Today I vibe coded a small project with Gemini, which fetches all the entries from a WordPress blog, and then extracts core arguments and key facts from them.
To my surprise, Gemini generates the code correctly in almost one-shot.
I used Ollama locally with a gemma3:12b model for this project, because I like to have absolute privacy and don’t want to pay any token fees. Also, for simple tasks like this, a local LLM is good enough.
The project turns out to be very simple, with just two Python scripts.
- scrapper.py
- analyzer.py
The scrapper is very simple, with requests and BeatifulSoup packages being used.
For the analyzer, there are a few tricky parts I like to take notes here.
In order to talk to the model, you just need to create a client with the ollama package, and the Ollama host is on http://localhost:11434 by default.
For each LLM chat call, I specified a system prompt and a user prompt in the message, together with a format argument with json as the value, so that I always get well formed json responses from the model.
I also assigned temporature and num_ctx (context length) arguments.

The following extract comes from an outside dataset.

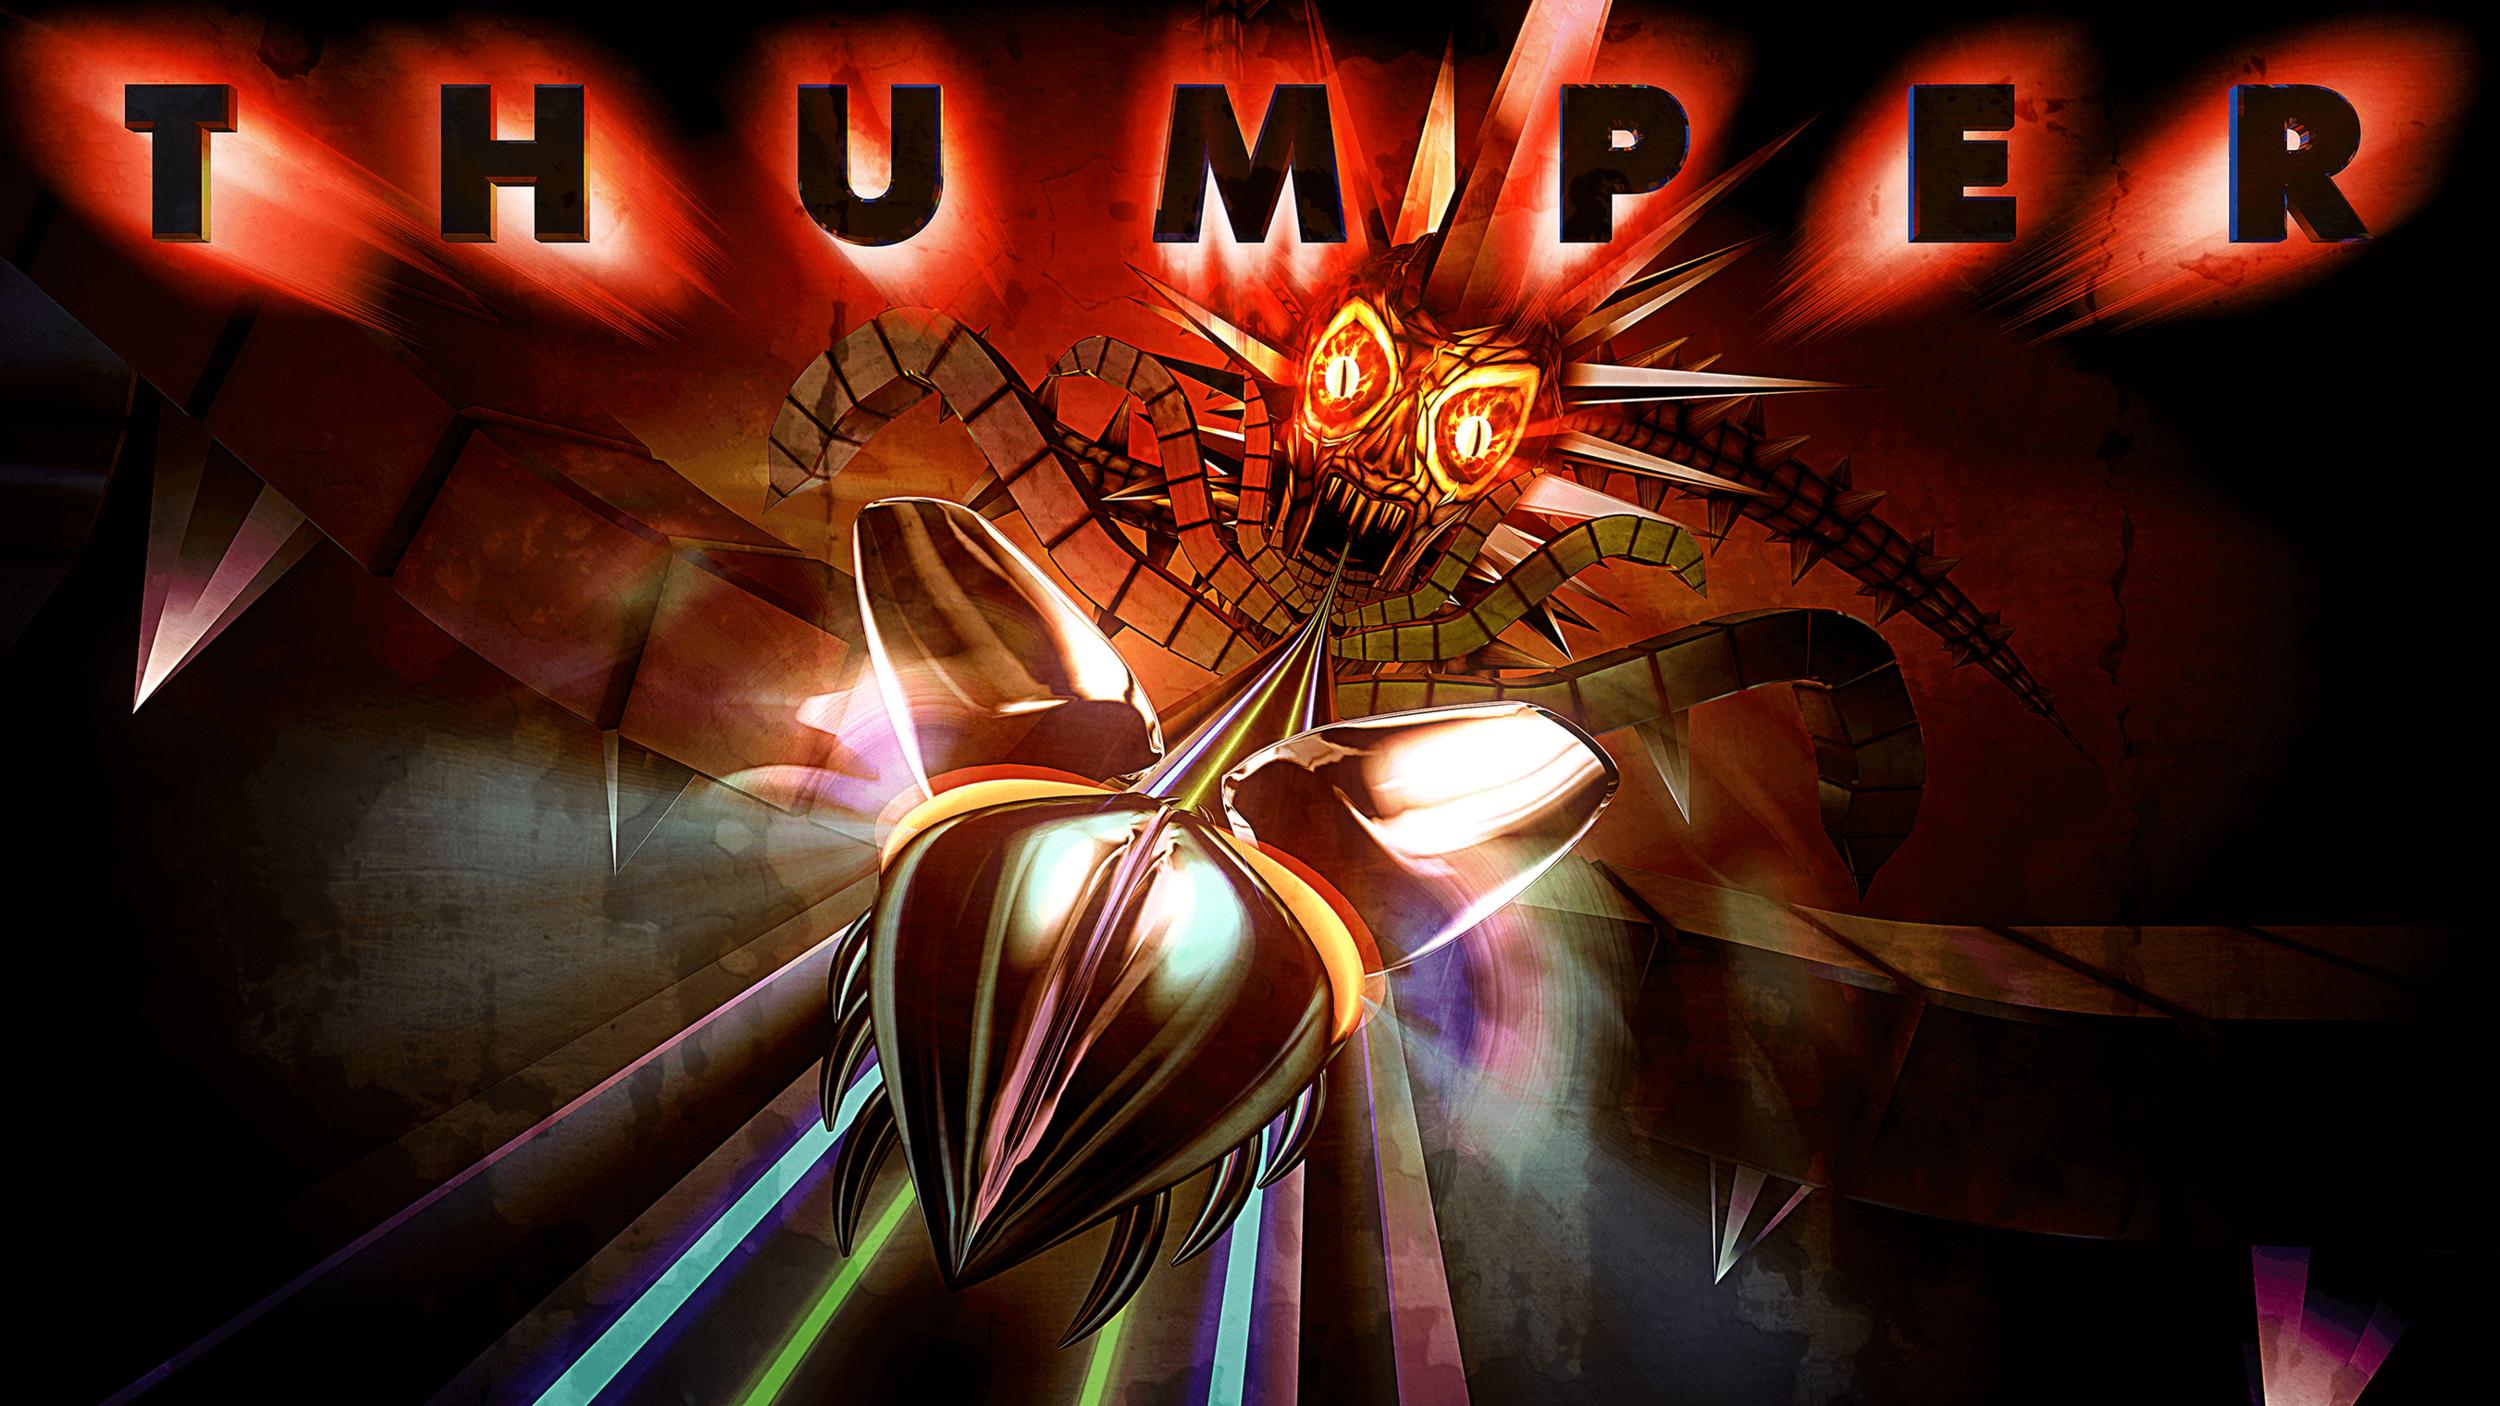 Thumper_banner_16_9_hirez.png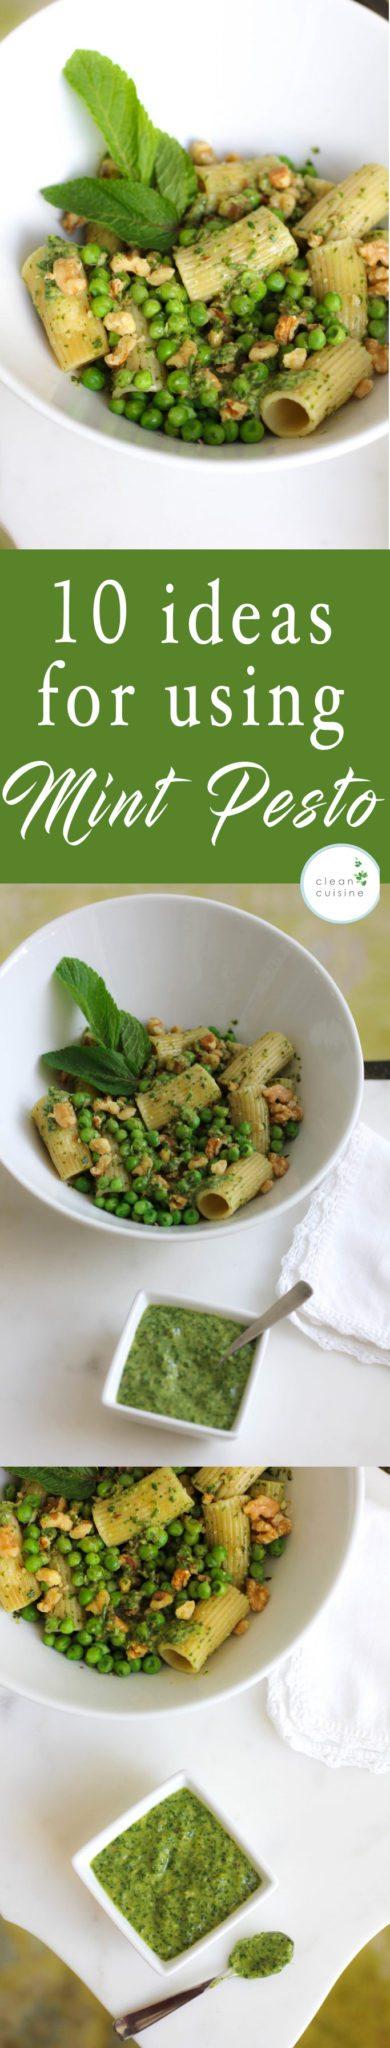 10 ideas for using Mint Pesto

A lower temporature hyperparameter allows the model to generate more deterministic results, and you need to assign proper context length argument so that it does not exceed the model’s limit.
Lastly, since I have hundreds of posts to be summarized, I used a batching + 2 step summarization approach to avoid exceeding context window limit.
I’m very satisfied with the result. Absolute privacy + zero token fee + no 3rd party agent frameworks used!
Maybe in the future I would explore more interesting ideas using local models with Ollama.